TIS vs Form 26AS vs AIS Difference India: How to Read Them (AY 2026-27)

Learn the TIS vs Form 26AS vs AIS difference India 2026, how to read them, fill them correctly, and correct mistakes before filing your ITR.
Learn the TIS vs Form 26AS vs AIS difference India 2026, how to read them, fill them correctly, and correct mistakes before filing your ITR. Learn the TIS vs Form 26AS vs AIS difference India 2026, how to read them, fill them correctly, and correct mistakes before filing your ITR.

Form 26AS is a consolidated tax credit statement showing all TDS/TCS deducted against your PAN, while the Annual Information Statement (AIS) is a broader record showing over 60 types of income and transactions reported to the Income Tax Department – and TIS (Taxpayer Information Summary) is a simplified, pre-aggregated version of AIS used for pre-filling your ITR.

If you are filing your ITR for FY 2025-26 (AY 2026-27) before the 31 July 2026 deadline, you need to check all three before submitting. Skipping even one of them is the single most common reason salaried taxpayers get mismatch notices from the Income Tax Department.

At a Glance: What Each Statement Does

StatementWhat it showsPurpose
Form 26ASTDS/TCS deducted, advance tax, self-assessment tax, refunds issuedClaim your tax credits. This is the legal document for TDS credit.
AIS60+ categories of income and financial transactions reported against your PANVerify all income sources the department already knows about
TISCategory-wise aggregated summary of AIS, de-duplicatedCross-check pre-filled ITR values before submitting

The order matters: check Form 26AS first, then AIS, then TIS.

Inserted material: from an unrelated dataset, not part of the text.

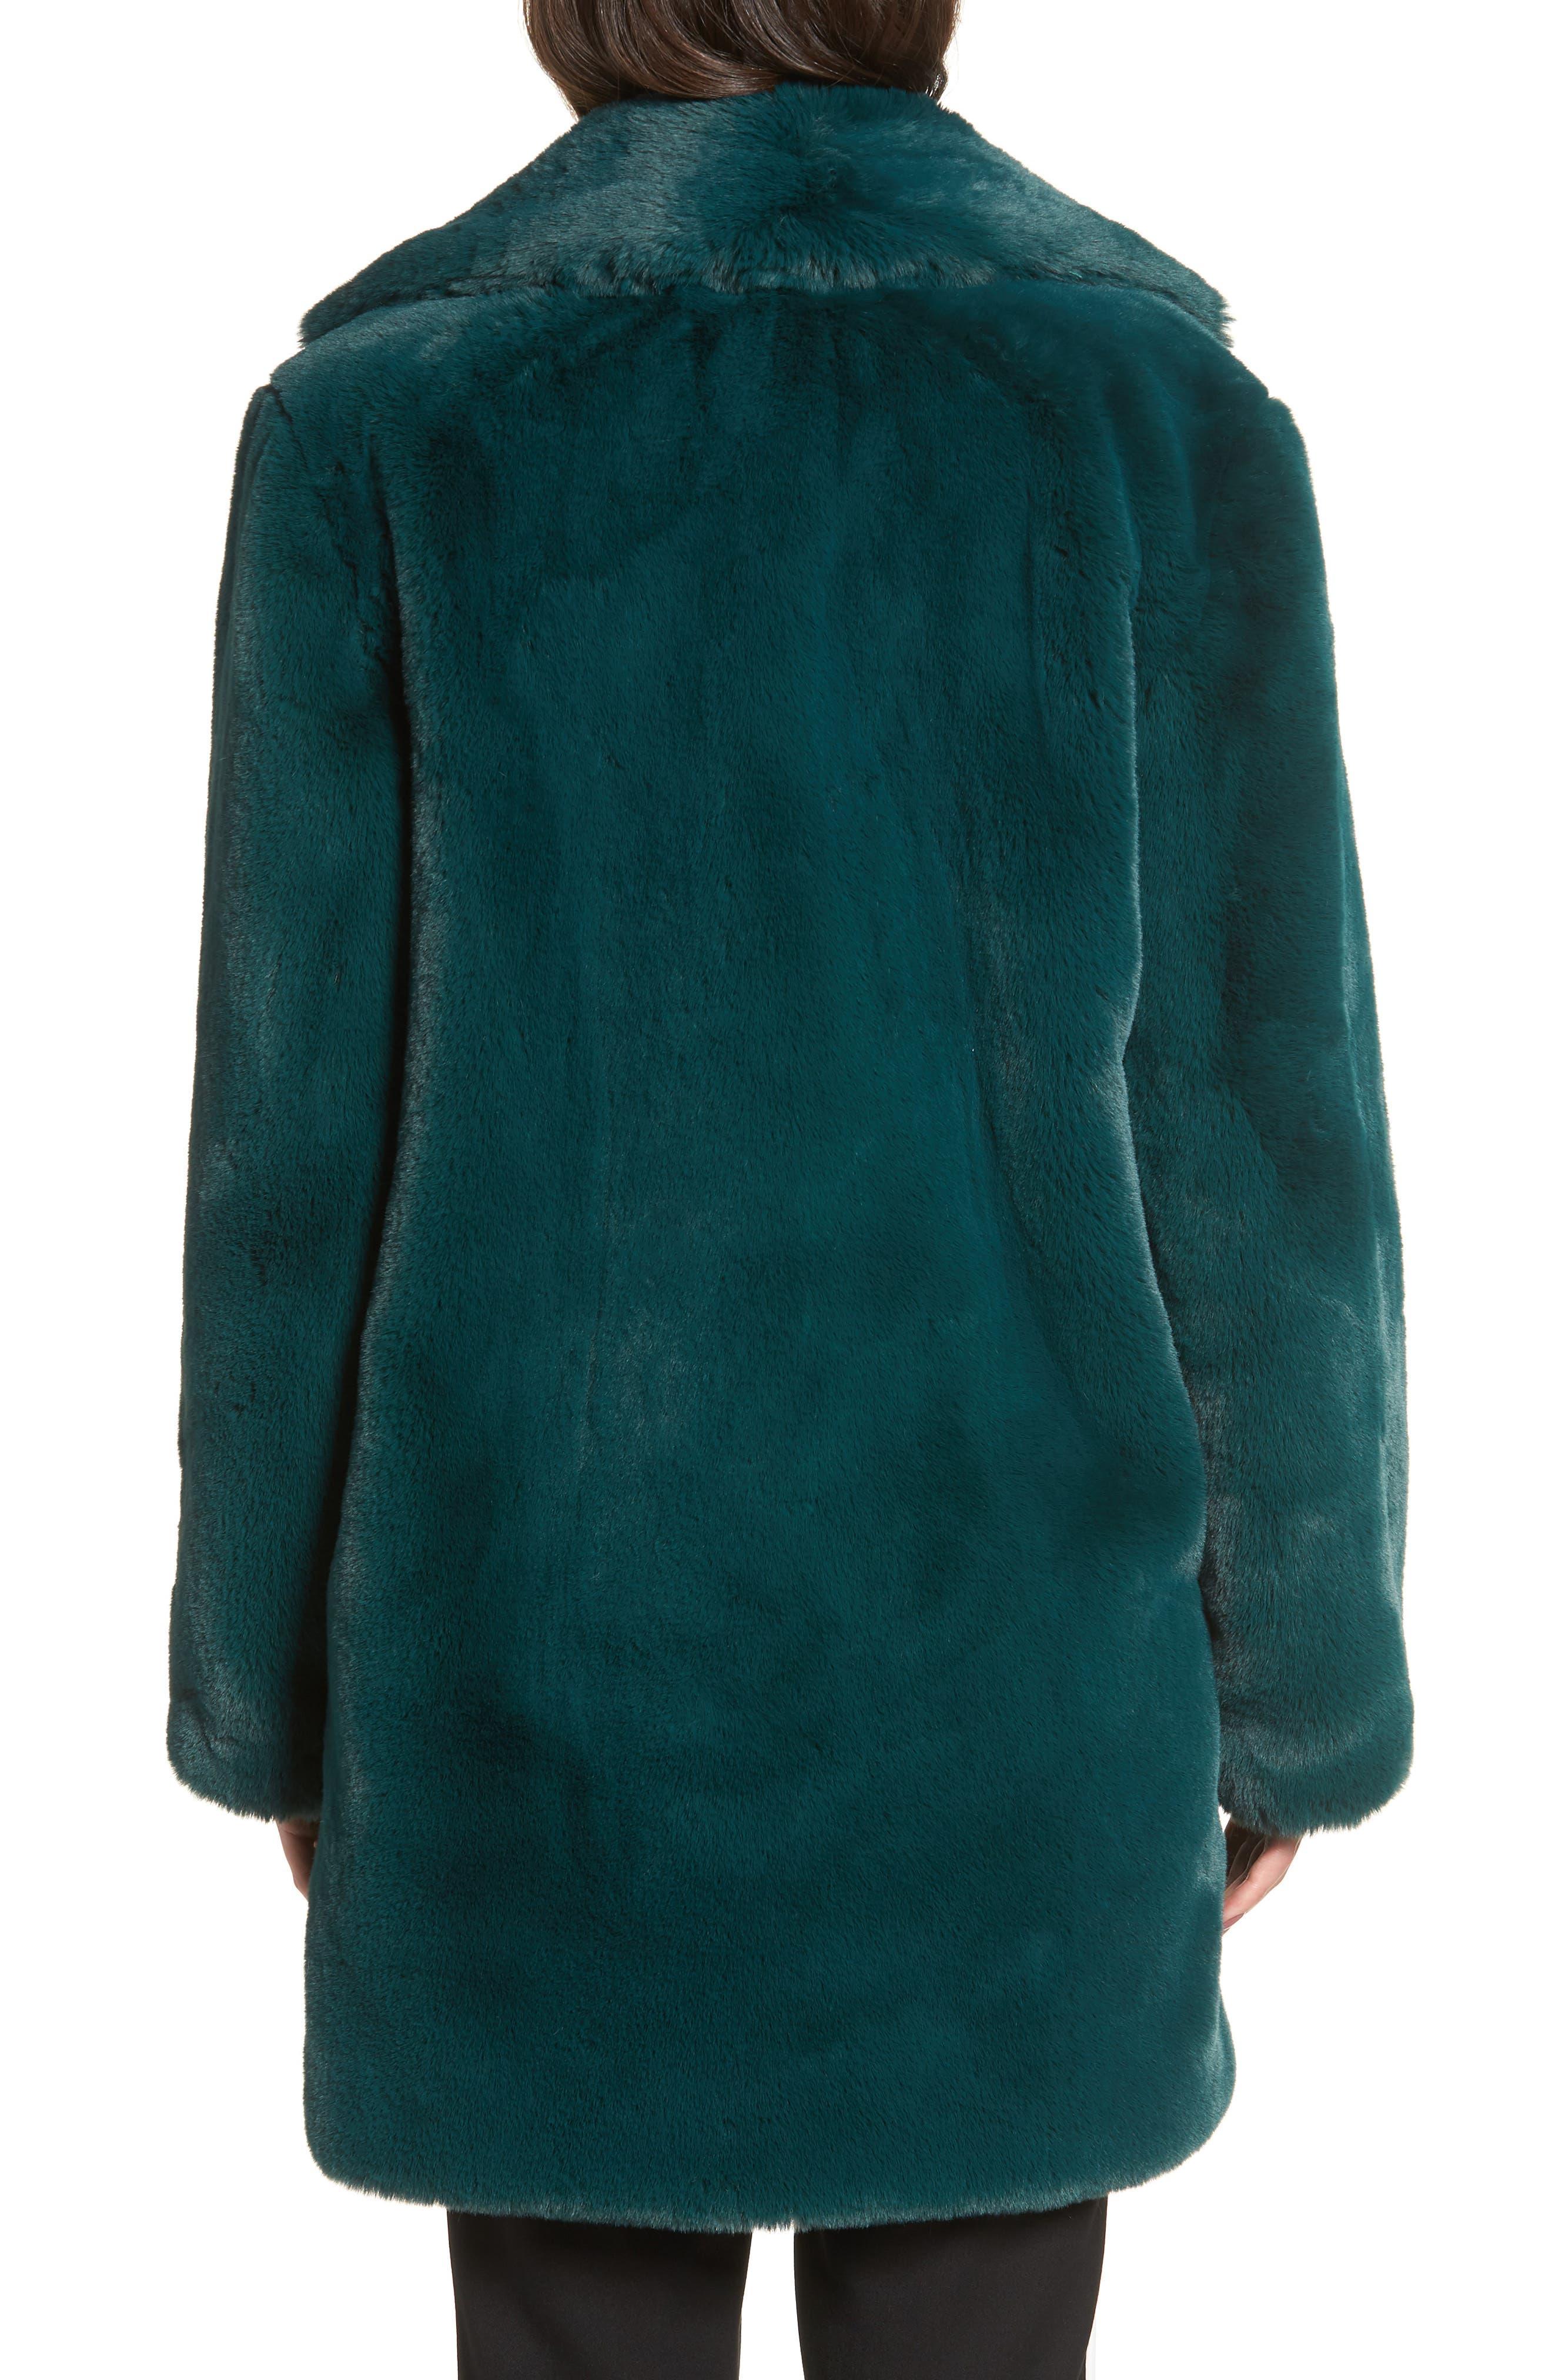 Dreaming Faux Fur Coat,                             Alternate thumbnail 2, color,                             300
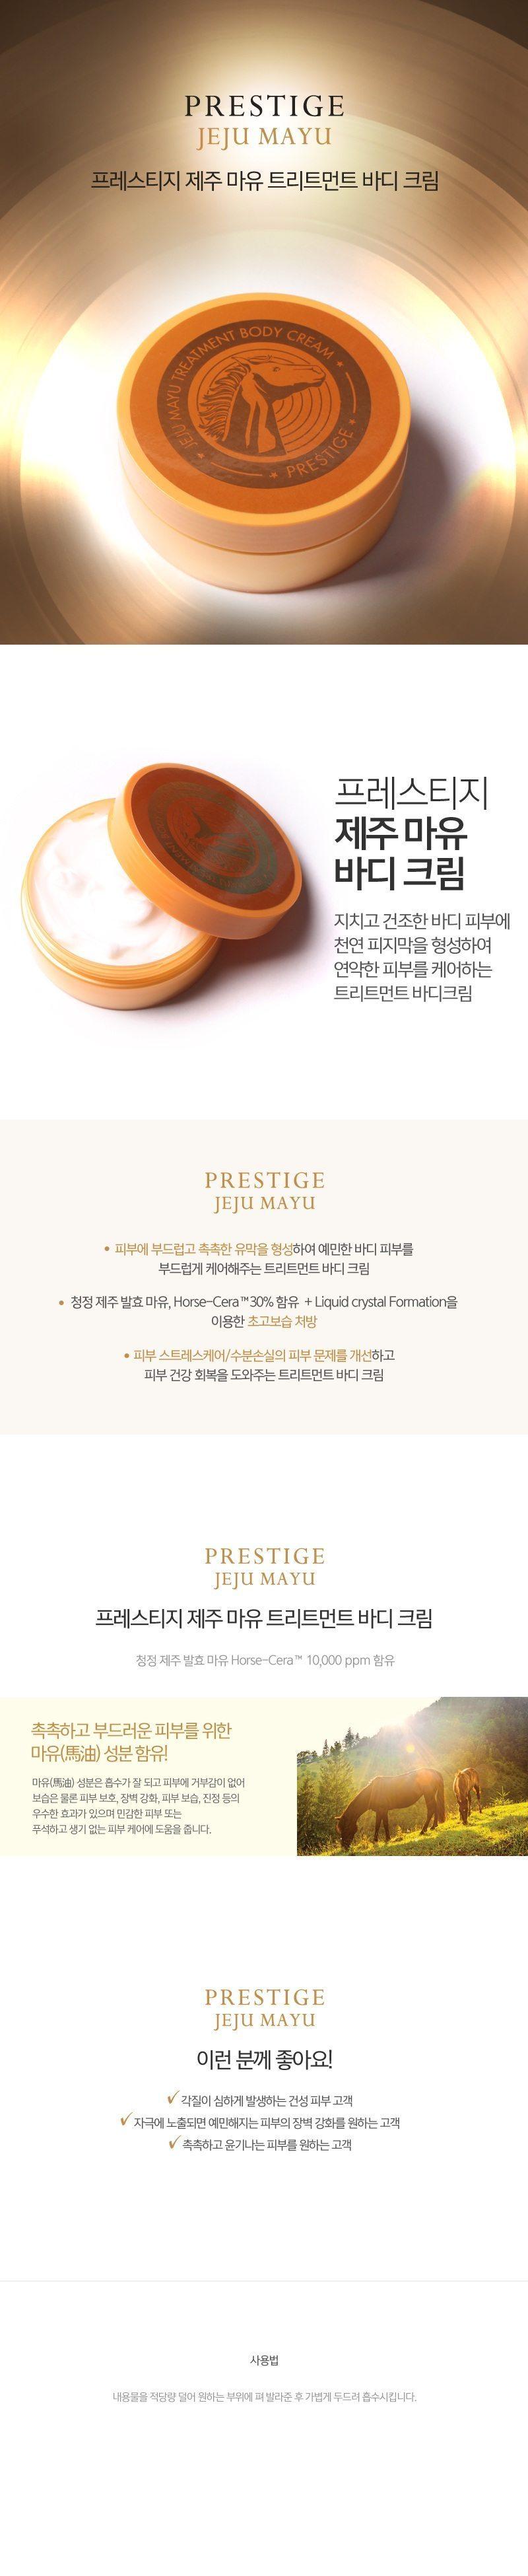 Tony Moly Prestige Jeju Mayu Treatment Body Cream korean cosmetic skincare product online shop malaysia nepal bhutan1

Section 1: Form 26AS: Your Tax Credit Passport

What Is Form 26AS?

Form 26AS is the government’s official record of all taxes paid or deducted against your PAN during the financial year. It is available on the Income Tax Department’s TRACES portal and is the legal basis on which you can claim tax credits in your ITR.

Think of it as your tax passbook: every time an employer deducts TDS from your salary, a bank deducts TDS from your FD interest, or you pay advance tax, that entry should appear here.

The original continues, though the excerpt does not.